Cardiac Physiology/Biochem Flashcards
Is energy required to set a cardiac membrane back to baseline during the process of contraction?
Yes; ATP is required for ATP pumps to reset cardiac muscle cells
What are the different types of cardiac muscle?
atrial + ventricular muscle (contract like skeletal muscle with longer duration)
specializied muscle fibers (excitatory and conductive) - automatic rhytmical electrical d/c in form of APs, controls rhythmic beating of heart
Describe the histology of cardiac muscle
striated muscle fibers in lattice (in series, parallel)
myofibrils w/ actin + myosin that slide during contraction
intercalated discs that separate individual cardiac cells; at each disc, cell membranes fuse to form permeable communicating gap junctions
what are gap junctions? what is their purpose?
intercellular channels that allow cell to cell transfer of ions and small molecules
they allow for rapid diffusion of ions
the gap junctions allow for cardiac muscle to be a _______. what does this mean?
synctium; when one cell excites, the AP spreds rapidly to all and do a synchronized contraction
there are two synctiums; atrial and ventricular; to allow for atria to contract before ventricles
where does the cardiac AP occur?
in all cardiac myocytes except SA and AV nodes, which have their own system
what are the steps (without description) of the cardiac muscle AP?

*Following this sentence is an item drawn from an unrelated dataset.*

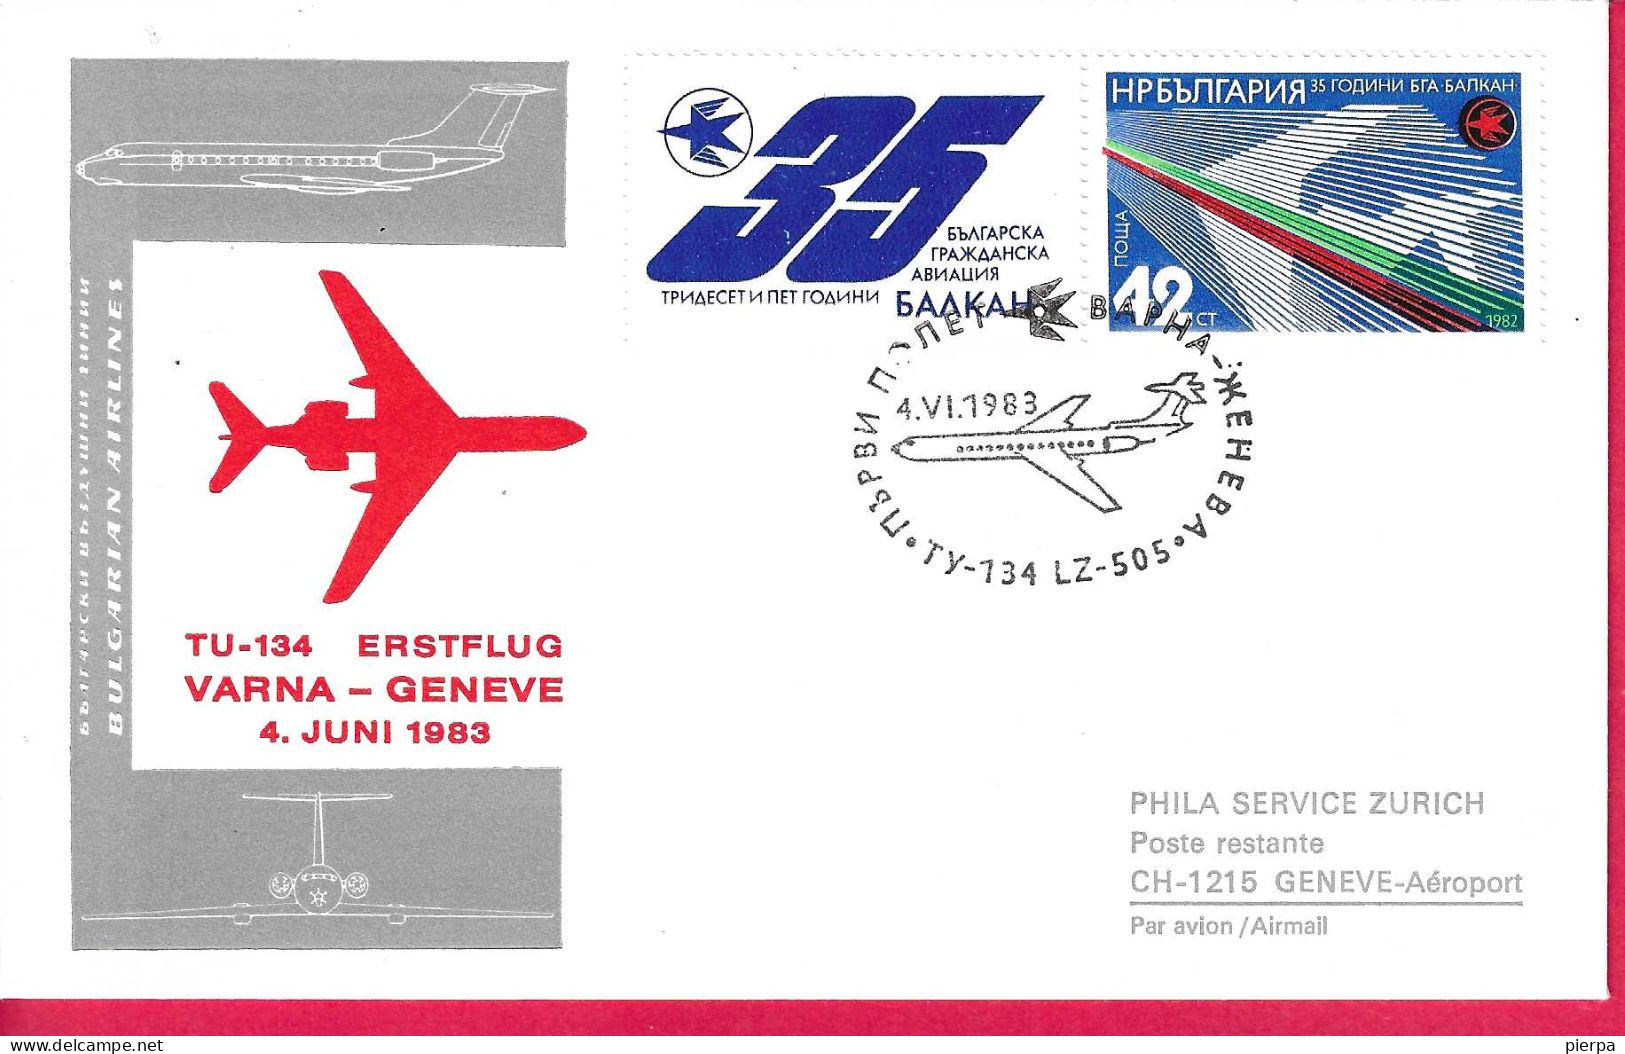 BULGARIA - FIRST FLIGHT TU-134 FROM VARNA TO GENEVE * 4.VI.1983* ON OFFICIAL COVER - Poste Aérienne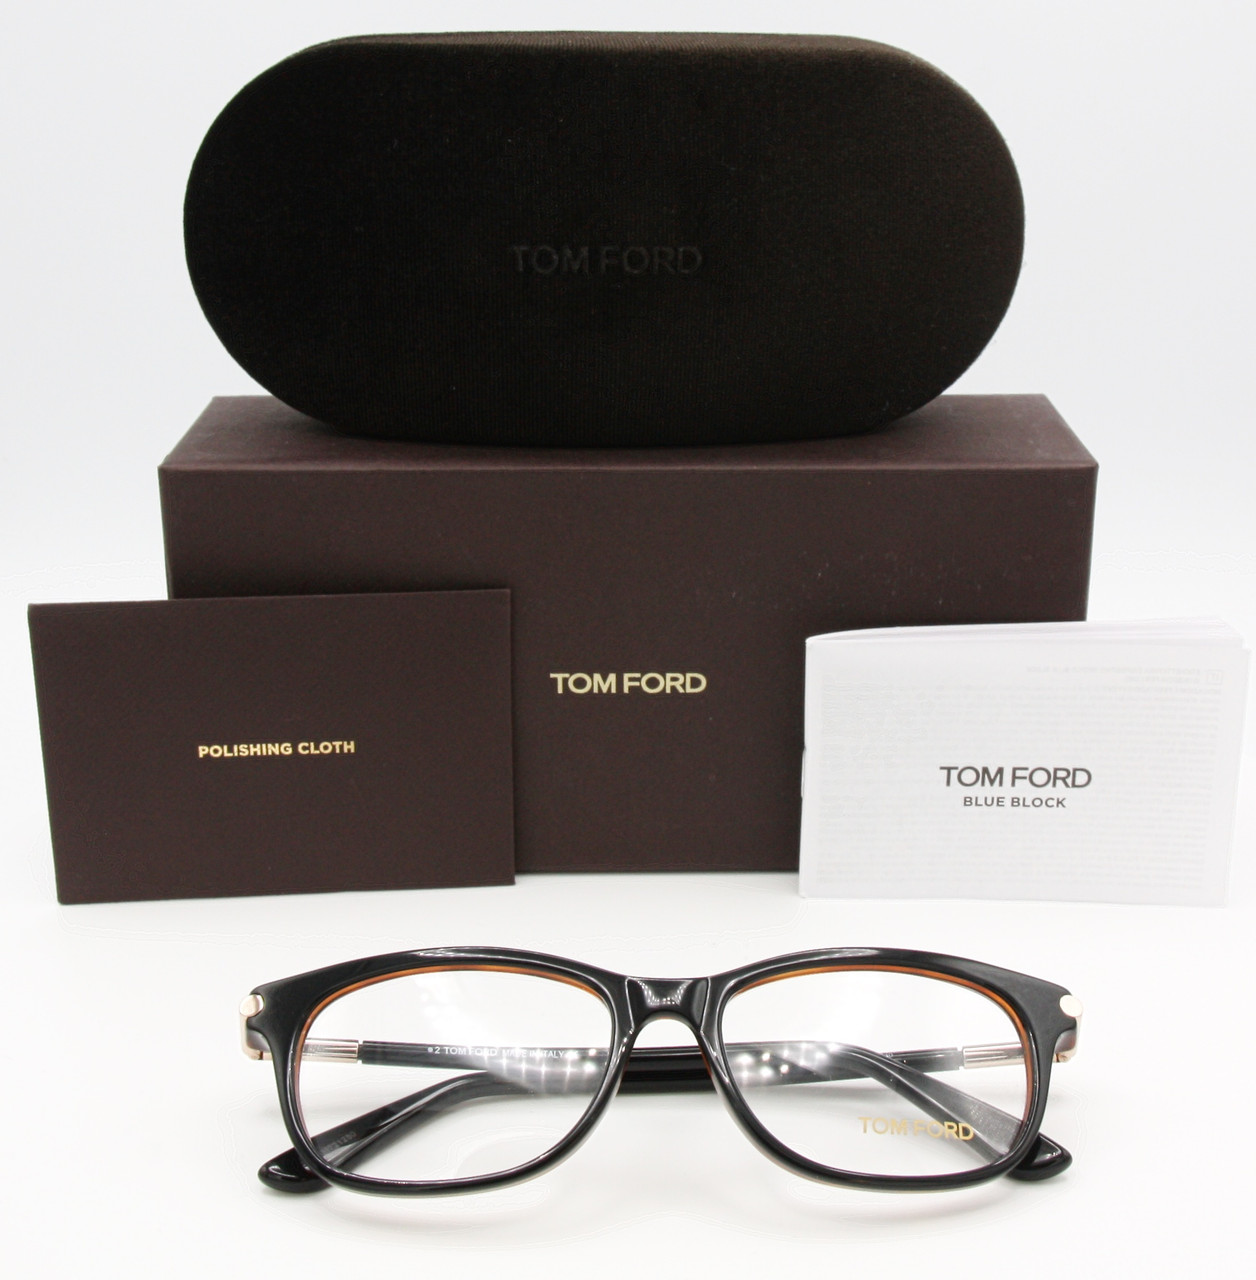 Two Tone Rectangular Eyeglasses By Tom Ford 5237 Spectacles In A Black & Tortoiseshell Acetate Finish  52mm Eye Size

phase 0 - rapid depolarization
phase 1 - initial repolarization
phase 2 - plateau
phase 3 - rapid repolarization
phase 4 - return to resting membrane potential
explain phase 0 of cardiac muscle conduction
rapid depolarization
fast VG sodium channels open, sodium flows rapidly into cell (+1) > quickly depolarizes cell membrane
in background, slow VG calcium channels open (2+), making it even more pos
explain phase 1 of cardiac muscle conduction
initial repolarization
fast VF sodium channels close
fast VG potassium channels open > +1 leaving cell > cell begins to repolarize, but does not fully repolarize bc slow VG calcium channels are still open (+2)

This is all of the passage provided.